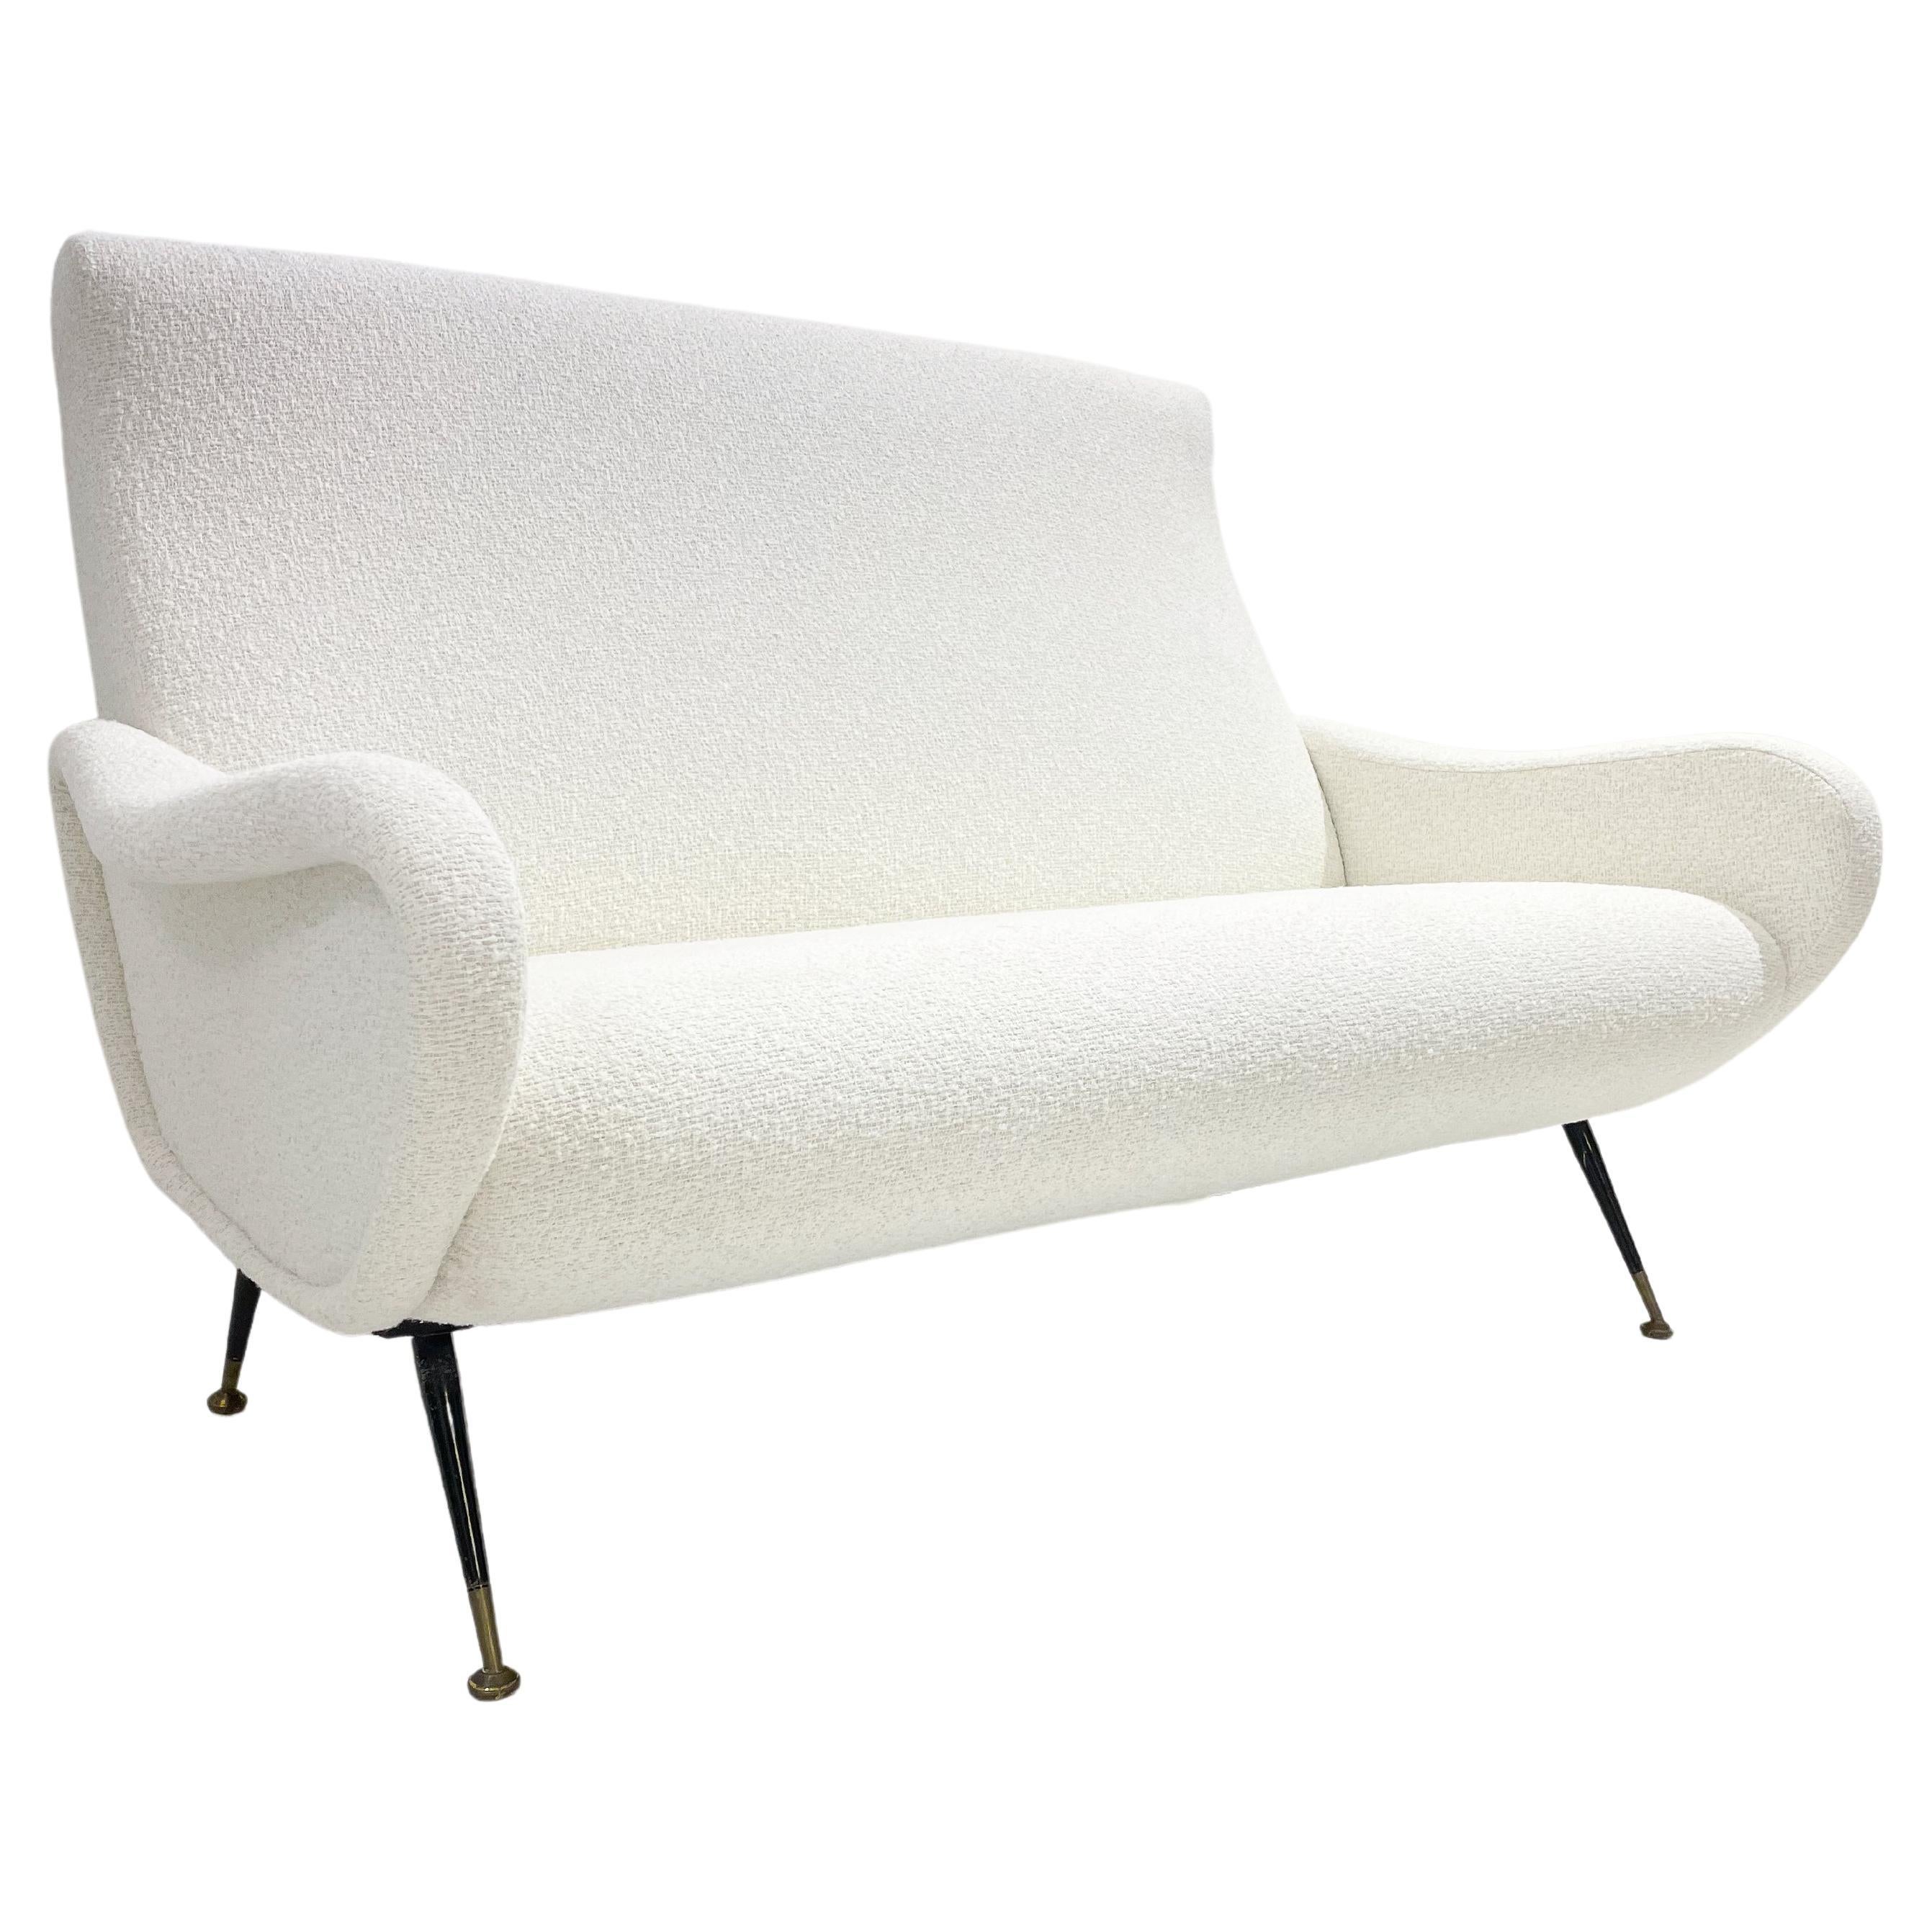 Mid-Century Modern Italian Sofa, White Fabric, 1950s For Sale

----------

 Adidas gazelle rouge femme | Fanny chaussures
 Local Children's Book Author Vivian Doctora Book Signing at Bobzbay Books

----------

- What needs to be done -
The output should be exactly the lines above from the line containing "Adidas gazelle rouge" to the line containing "Local Children's Book", inclusive, with no other lines.

- Result for this exercise -
 Adidas gazelle rouge femme | Fanny chaussures
 Local Children's Book Author Vivian Doctora Book Signing at Bobzbay Books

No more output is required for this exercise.